What Broke David Lynch?
Twonkey's Drive In
Greenside @ Nicolson Square
David Lynch is a hard act to follow. The undeniable auteur and quirky genius of cinema has made a name for himself both for his abstract, dreamlike Americanus Horribilis cinema and with the duality of his affably normal personality and weirdly oddness. There is great mileage in that style and certainly some in the story of how he brought The Elephant Man to the silver screen. But this show isn’t the vessel.
Paul Vickers, of Twonkey fame, has brought this love letter to Lynch to the Fringe, in very much his signature style. With a bleach blonde quiff and a vague approximation at Lynch’s distinctive voice and cadence, it’s clear the bones of a good concept are at work here. Similarly, Steven Vickers’s portrayal of producer Mel Brooks does a weakly-closed fist of sounding like him occasionally when he phones in to berate the lack of progress on the set of the film.

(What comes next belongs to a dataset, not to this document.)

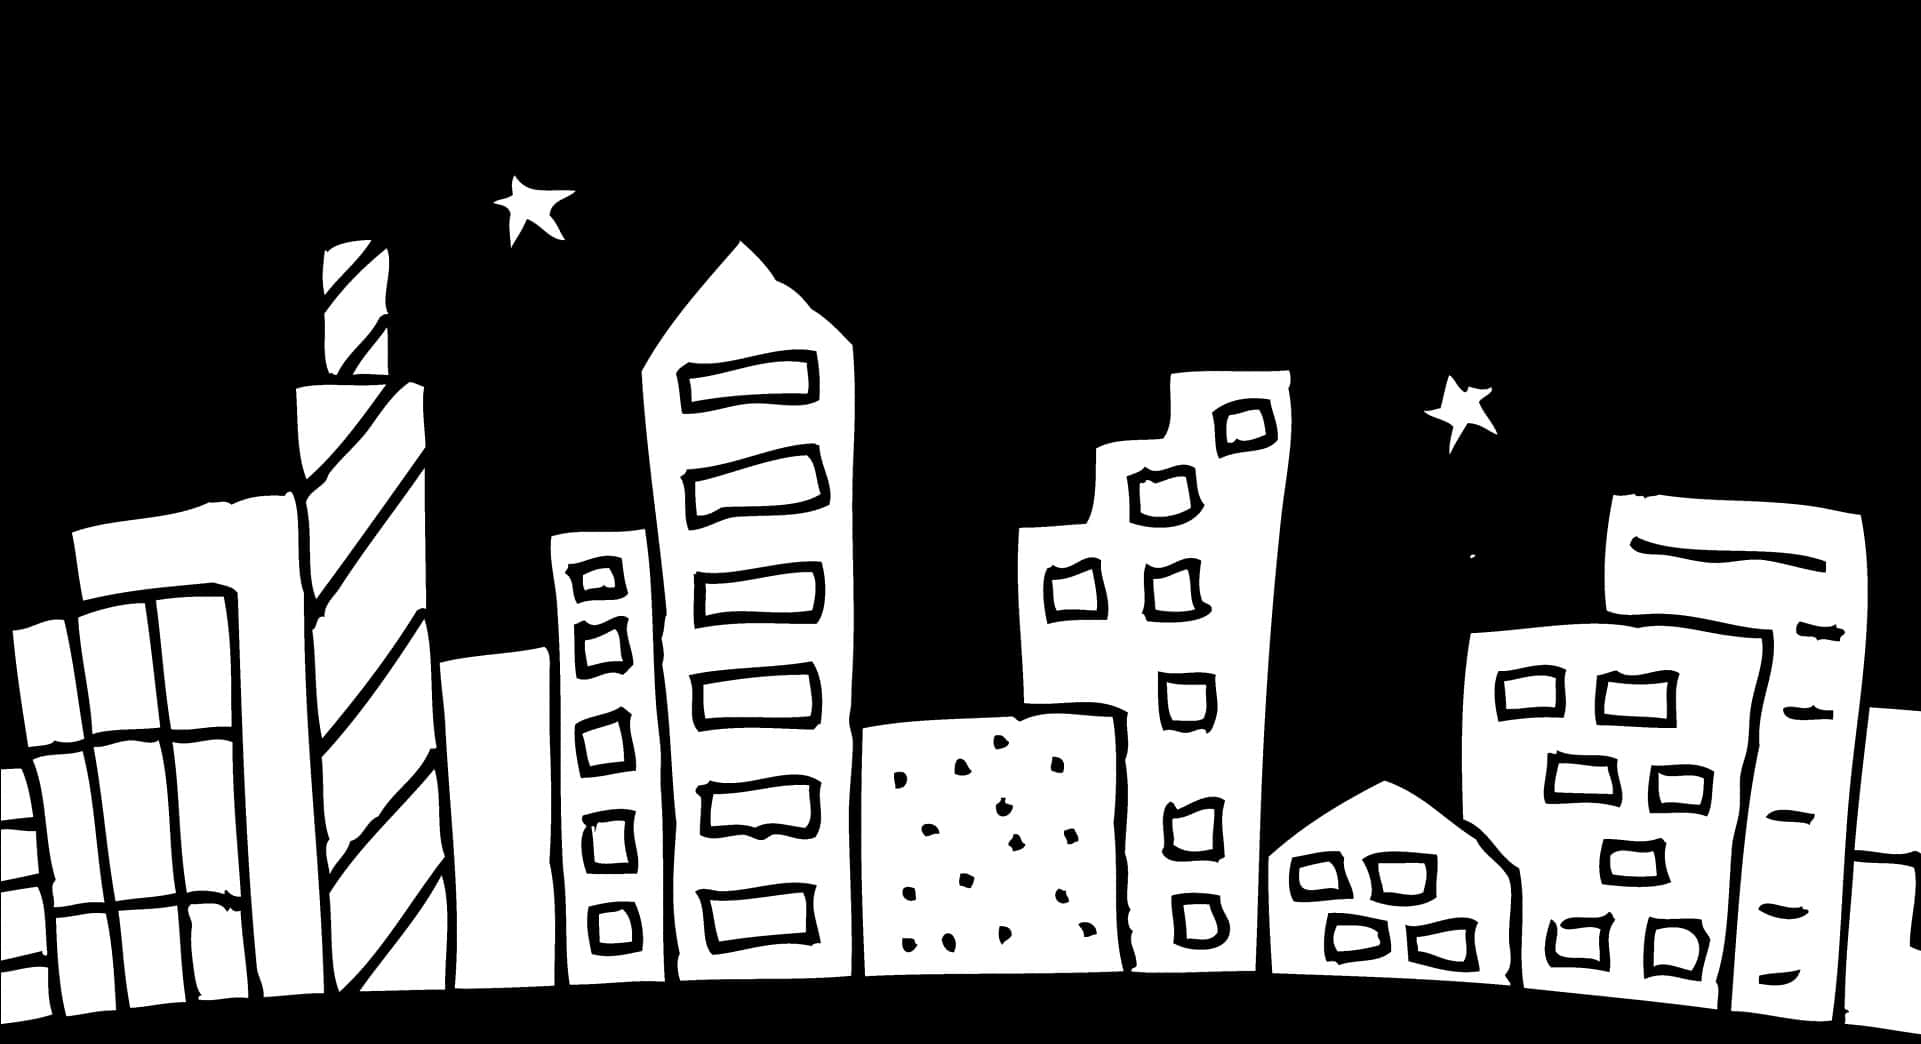 City And Stars Sketch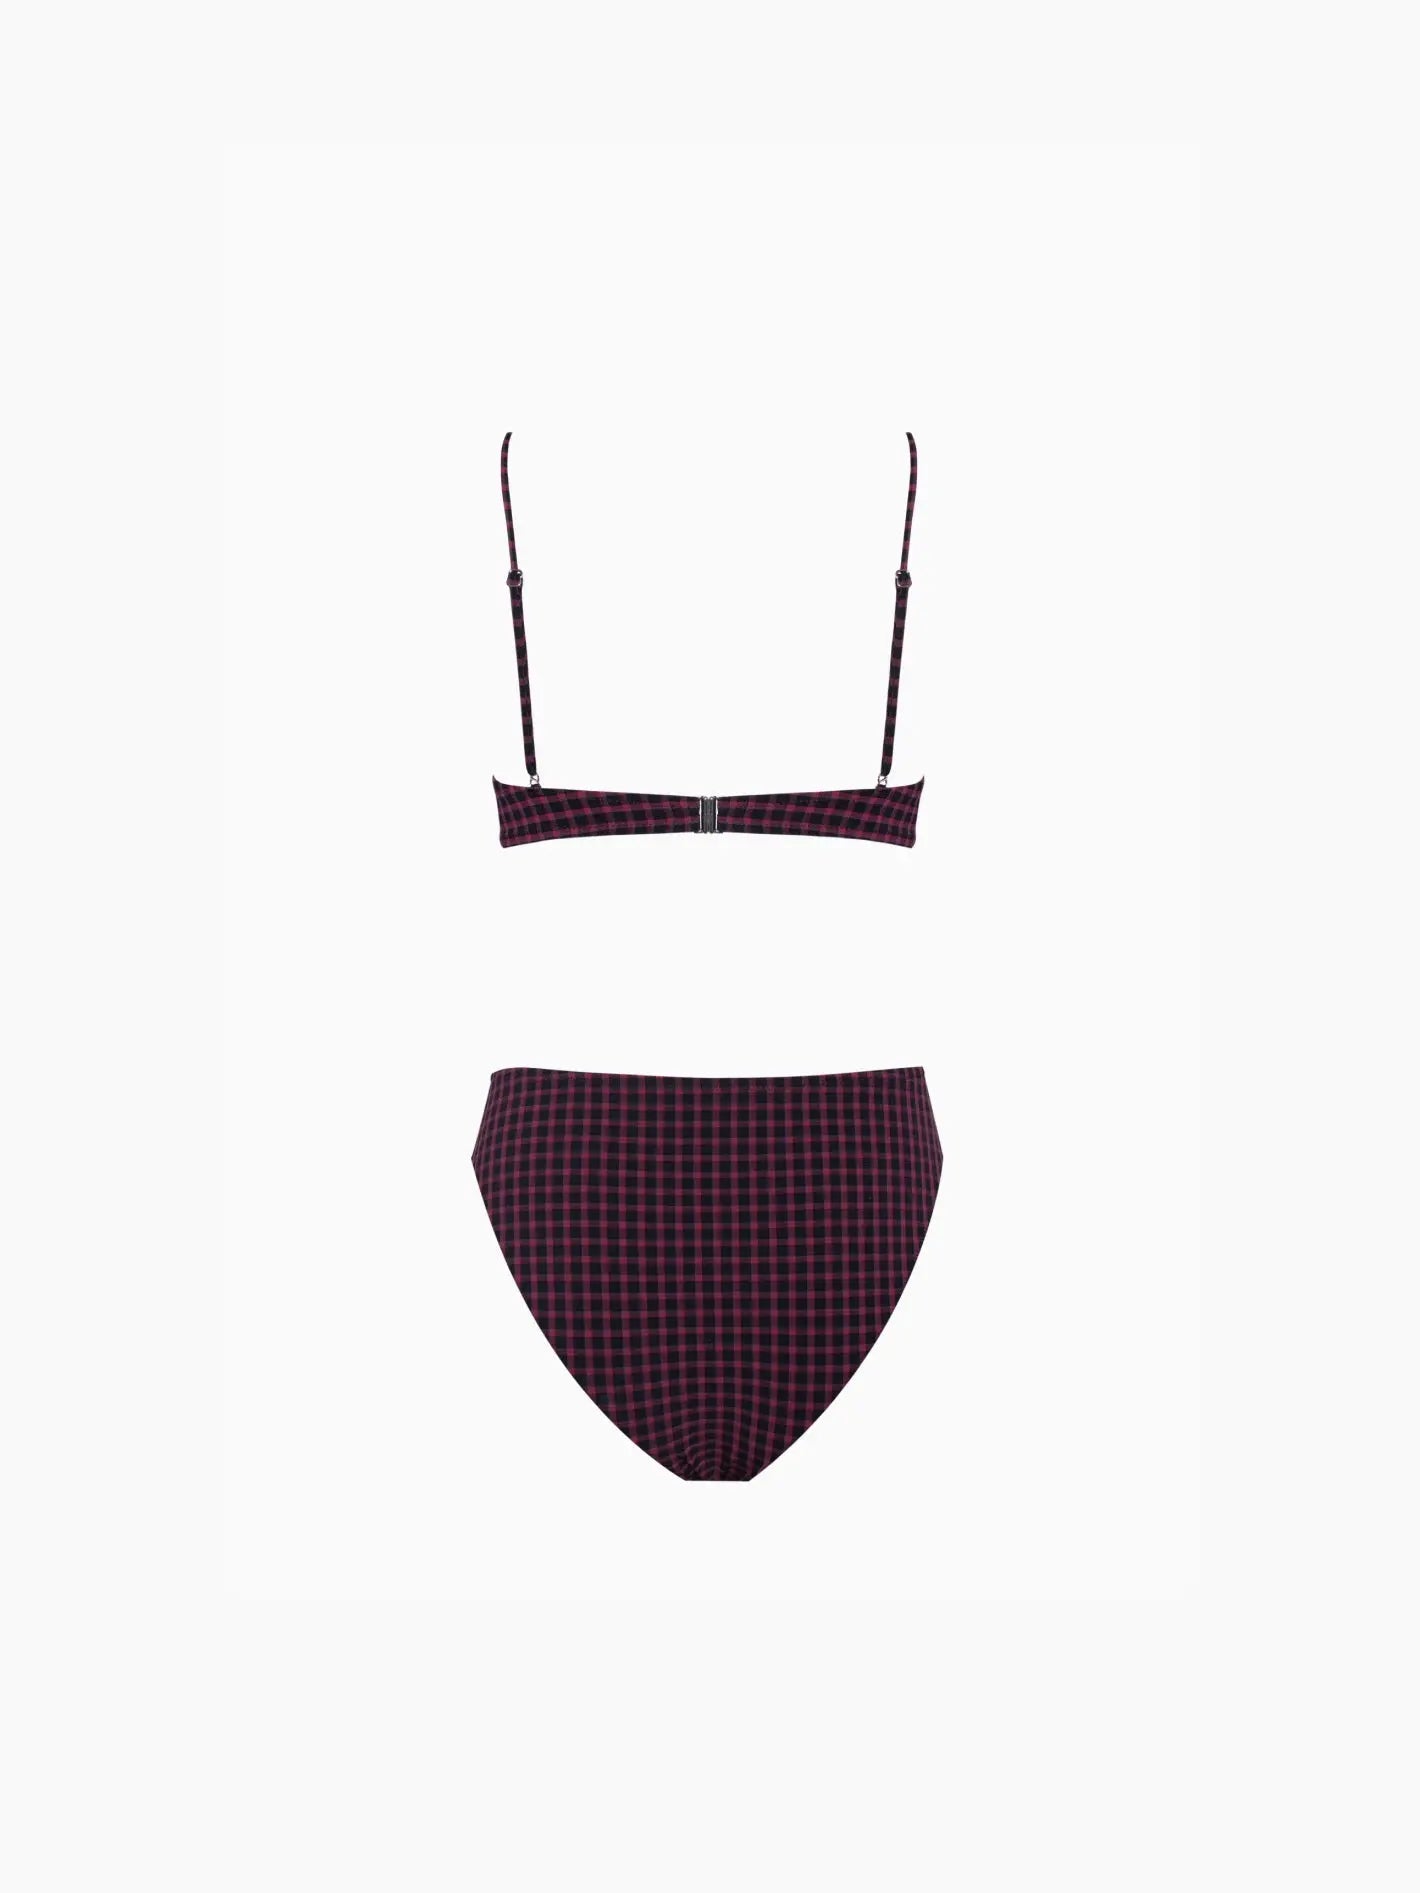 A chic Cleo Bikini Violet with a purple and black checkered pattern, exclusively available at Bassalstore in Barcelona. The top features thin spaghetti straps and a small cut-out in the center, while the bottoms showcase a high-cut leg design. The swimsuit is displayed against a plain white background by Pale.

Robert Atler and Miranda Shrapnell appear to do the requisite acting turns, with Atler as both John Hurt and Anthony Hopkins, the latter being the inarguable highlight of the piece. Shrapnell on the other hand is in full Lynchian dolly-girl mode, as a weird dreamlike imaginary friend, haunting Lynch and holding him back from greatness.
The trouble is, the abstract and weird narrative here is a mess. It’s one thing to ape Lynch’s style, but it helps to have a clear goal at work, or at least a great sense of comic timing. The laughs that came sounded more like the relief of sick-desperation, or just utter defeat at the inane weirdness that was occurring onstage. The occasional musical number does break things up, but the amount of watch and phone checking during the scene changes did little to assuage the fear that this just wasn’t landing.
Were this a Free Fringe show, then it might be more forgivable, but drawing audiences in with the promise of Lynch at full price, it’s impossible not to simply warn them away. Lynch lovers, this is not for you.